4602,SC,South,South Atlantic,Union County,45087,45087,Region 20,1/1/2015,11113.0,0.231,...,12.84,0.223,0.067,10688.0,0.220,25.0,34042,0.580,8.50,
4603,SC,South,South Atlantic,Williamsburg County,45089,45089,Region 20,1/1/2014,11517.0,0.239,...,5.70,0.258,0.086,9873.0,0.221,15.0,28121,0.852,13.02,0.317
4604,SC,South,South Atlantic,Williamsburg County,45089,45089,Region 20,1/1/2015,11106.0,0.239,...,5.36,0.248,0.082,10040.0,0.221,18.0,29391,0.864,14.80,
4605,SC,South,South Atlantic,York County,45091,45091,Region 20,1/1/2014,6905.0,0.126,...,10.53,0.209,0.080,9153.0,0.162,28.0,51427,0.353,5.33,0.188


We will again keep only the "State", "Adult obesity", and "Limited access to healthy foods" columns so this subset may be compared with North Carolina data. This is done in the same manner above.

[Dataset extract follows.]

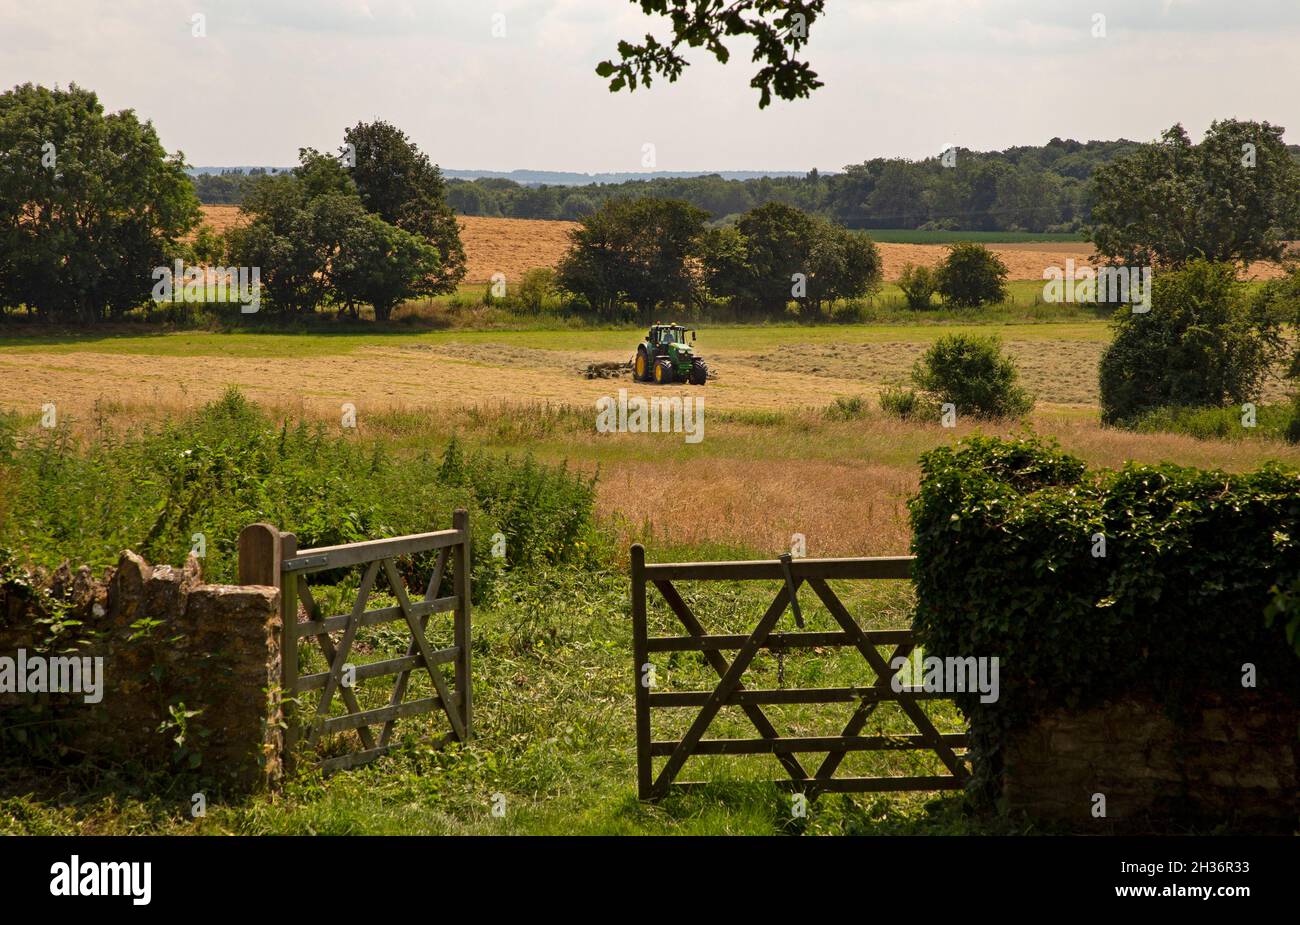 Traktor im Feld trocknen Heu in Wiese, oxfordshire, england Stockfoto

> We will be using `sc_subset` as the data frame searched instead of `nc_subset`. However, all of the columns kept remain the same.

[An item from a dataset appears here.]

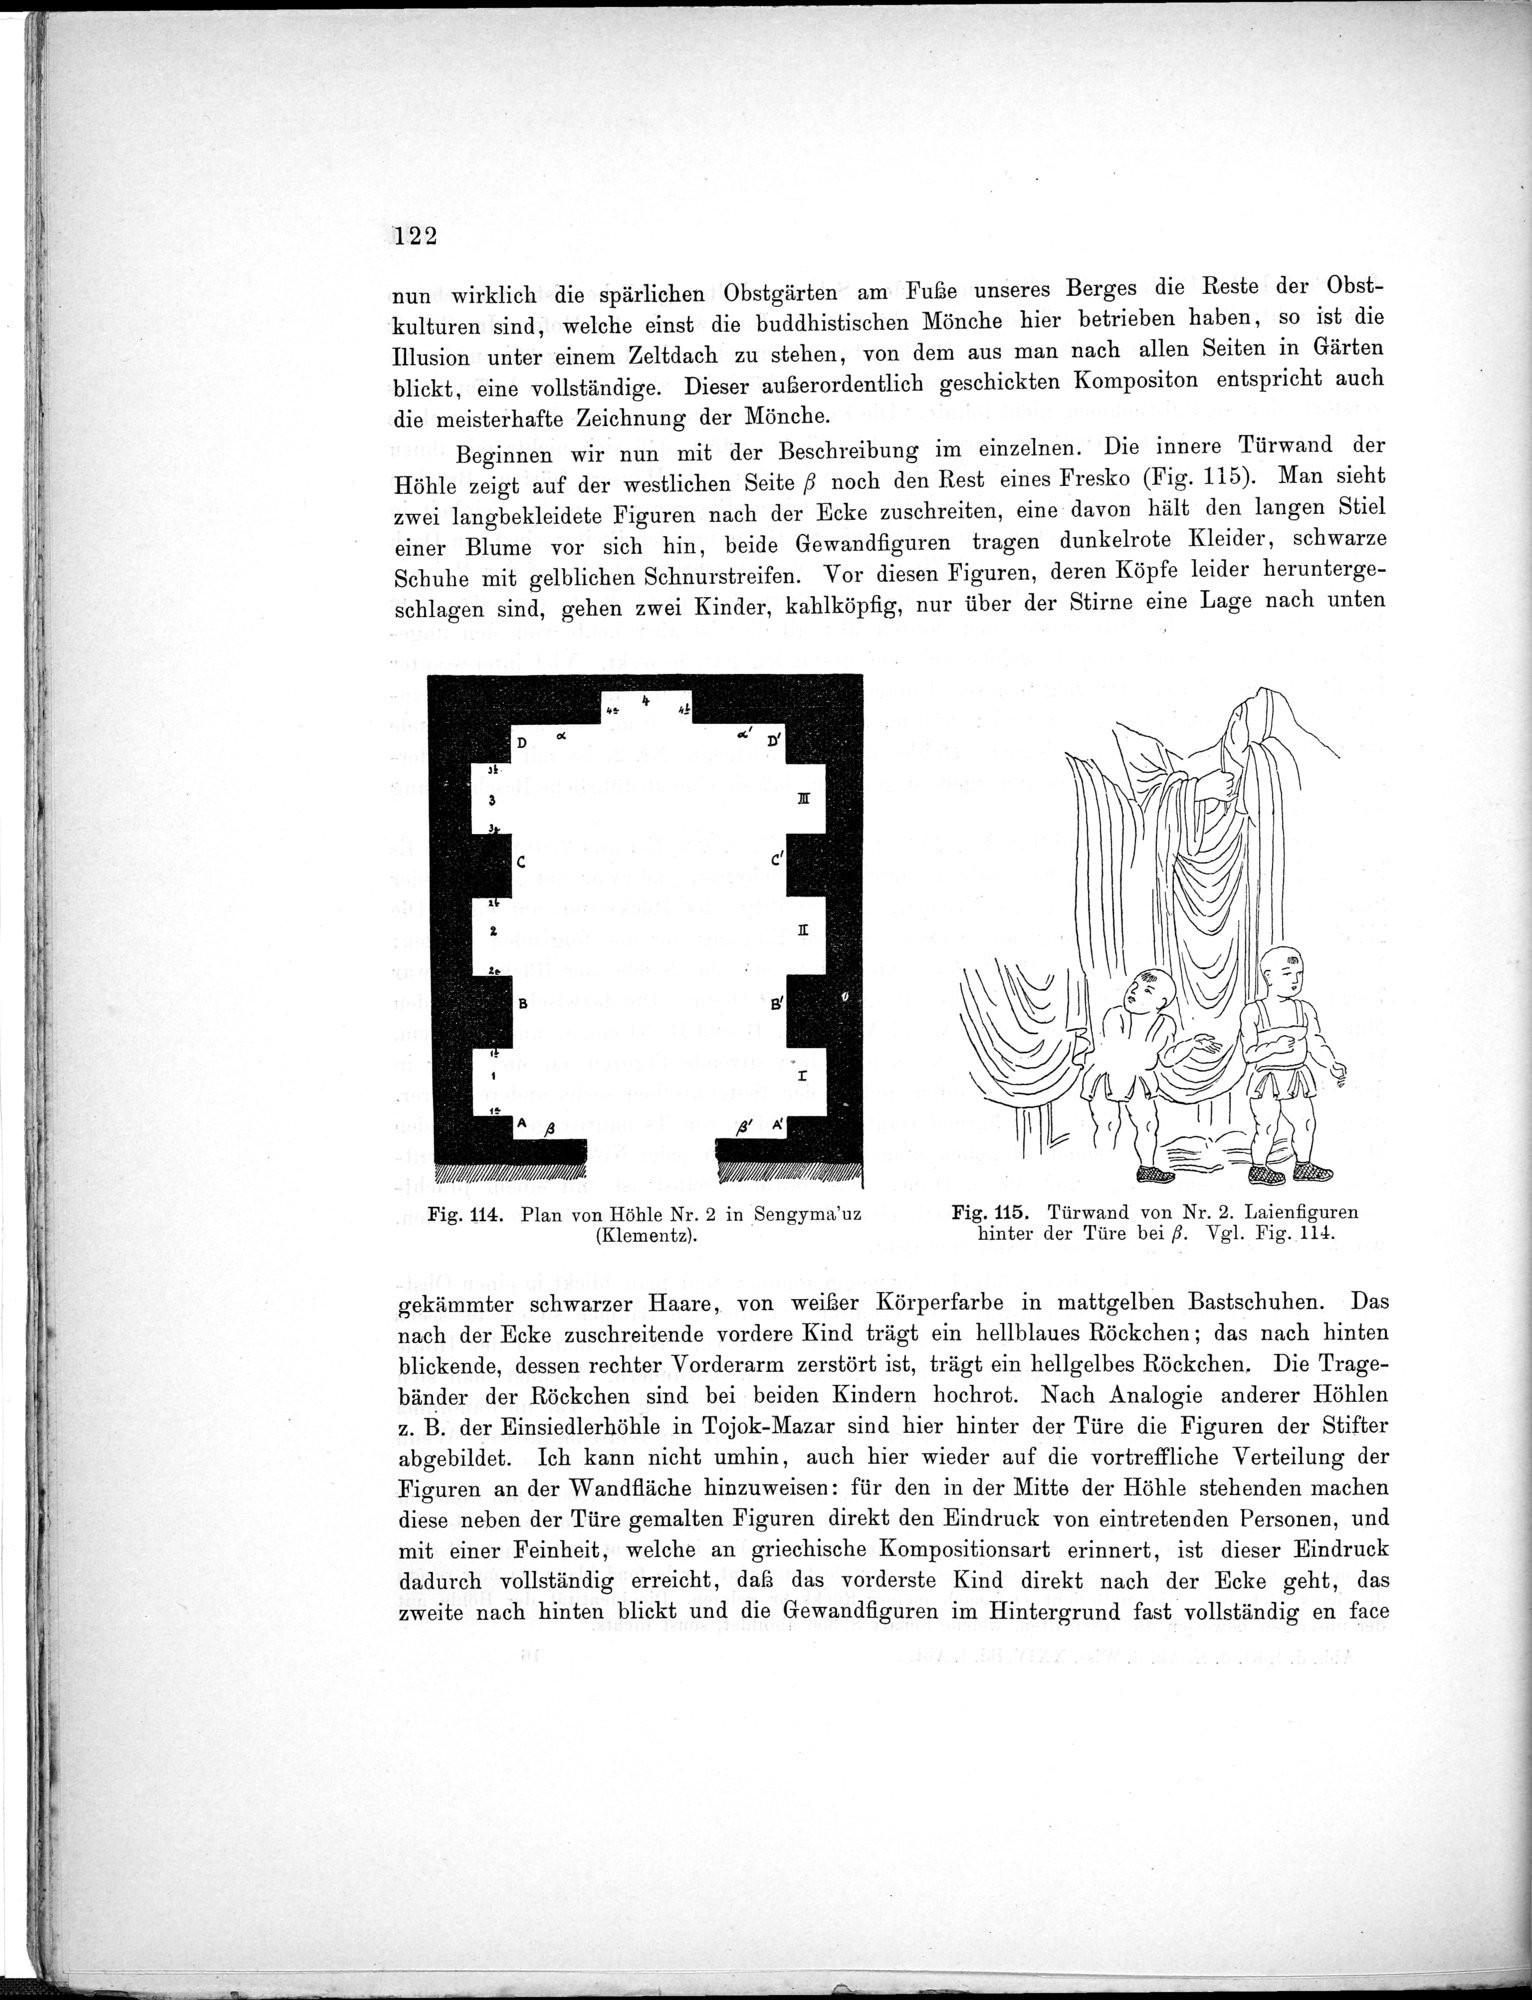 Bericht über archäologische Arbeiten in Idikutschari und Umgebung im Winter 1902-1903 : vol.1 / Page 132 (Grayscale High Resolution Image)

 > We will save this new subset under the name `sc_subset` again to present the updated subset

In [None]:
sc_subset = sc_subset[["State", "Adult obesity", "Limited access to healthy foods"]]

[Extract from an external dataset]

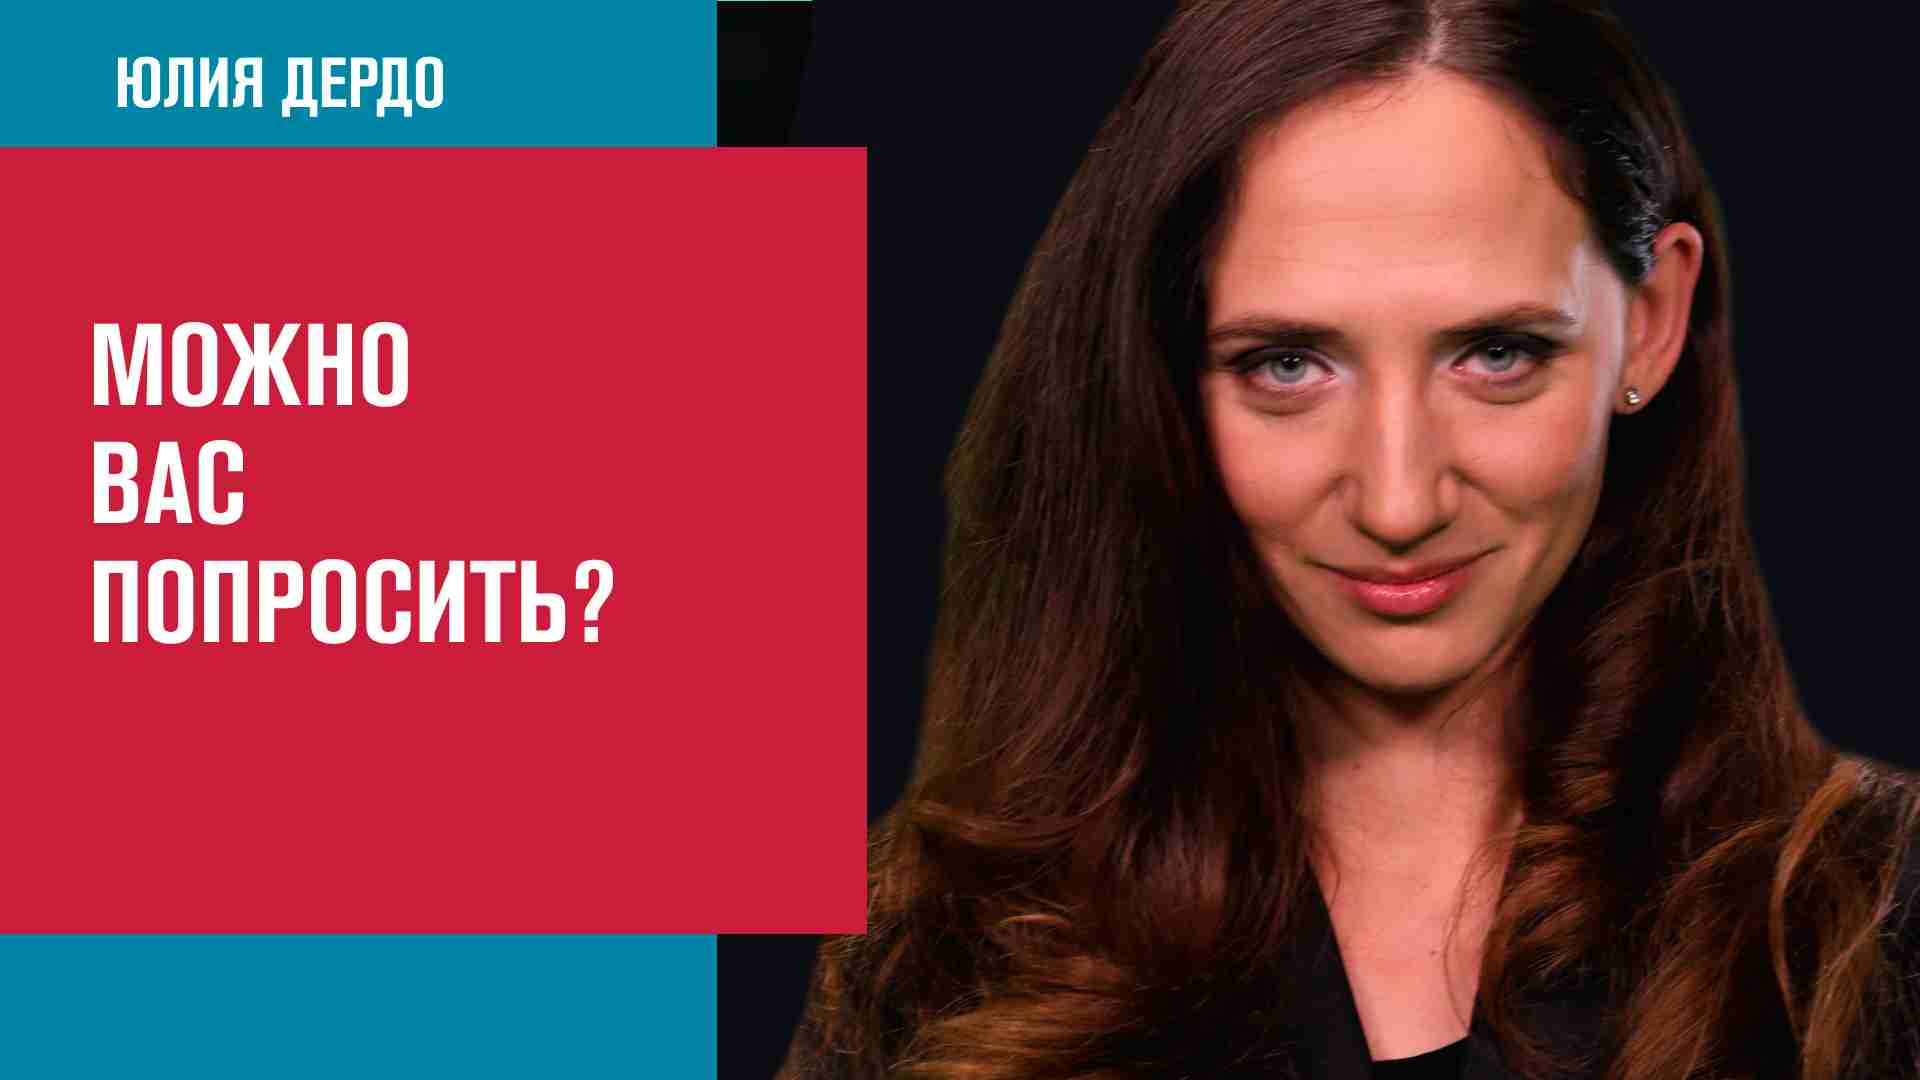 Психология просителя - Занимательная Дердология/Москва FM

Display the subset to see if it is working as intended.

In [None]:
sc_subset

Unnamed: 0,State,Adult obesity,Limited access to healthy foods
4515,SC,0.348,0.145
4516,SC,0.346,0.145
4517,SC,0.319,0.060
4518,SC,0.312,0.060
4519,SC,0.367,0.010
...,...,...,...
4602,SC,0.359,0.037
4603,SC,0.426,0.051
4604,SC,0.430,0.051
4605,SC,0.285,0.060


#Merging the Data Sets

1. Use the `pd.concat()` function to combine the two subsets of data into one data frame.

> Make sure the subset references are in brackets so they can be peceived as list objects when being worked with.

 > Order the `nc_subset` before the `sc_subset` so the data table can be organized alphabetically, with the North Carolina data grouped together before the South Carolina data set

In [None]:
carolinas_subset = pd.concat([nc_subset, sc_subset]).copy()

> Make sure to use `copy` to create a new subset

2. Display the new subset to make sure it is working as intended

In [None]:
carolinas_subset

Unnamed: 0,State,Adult obesity,Limited access to healthy foods
3243,NC,0.341,0.113
3244,NC,0.332,0.113
3245,NC,0.272,0.023
3246,NC,0.283,0.023
3247,NC,0.247,0.014
...,...,...,...
4602,SC,0.359,0.037
4603,SC,0.426,0.051
4604,SC,0.430,0.051
4605,SC,0.285,0.060


This subset can also be cleaned up by reformatting the row numbers so they are representative of the number of samples in this data set.
1. To clean the data, re-format the row index values by adding `ignore_index=True` to the `pd.concat` function you had previously used
> The `ignore_index=True` function should go outside o the brackets referencing the subsets `nc_subset` and `sc_subset`.

 >`ignore_index=True` will allow the existing index values to clear and start over from zero.

  > Reassign the name `carolinas_subset` to the polished subset.

In [None]:
carolinas_subset = pd.concat([nc_subset, sc_subset], ignore_index=True).copy()

> Make sure to use `.copy()` to create a new subset

2. Display the subset to make sure it works as intended

In [None]:
carolinas_subset

Unnamed: 0,State,Adult obesity,Limited access to healthy foods
0,NC,0.341,0.113
1,NC,0.332,0.113
2,NC,0.272,0.023
3,NC,0.283,0.023
4,NC,0.247,0.014
...,...,...,...
287,SC,0.359,0.037
288,SC,0.426,0.051
289,SC,0.430,0.051
290,SC,0.285,0.060


#Exporting Your New Subset

1. To export this new subset, we will utilize the `.to_csv()` method.
> We need to indicate the data frame being exported (`carolinas_subset`) before the function.

 > We can put the name we wish to give the file in the quotes within the parenthesies.

  > We will also specify that `index=False` to make sure the exported file does not have the numbered row indecies that Pandas will add otherwise.

2. The following command will save your data as a .csv file.

In [None]:
carolinas_subset.to_csv("Carolinas_Subset 2014-2015.csv", index=False)

The subset will then populate in the folder you created for this project. You can also view it by going to the "Files" folder of the left task bar in Google CoLab.

Congratulations! You have successfully created a subset of data for the Carolinas to be analyzed!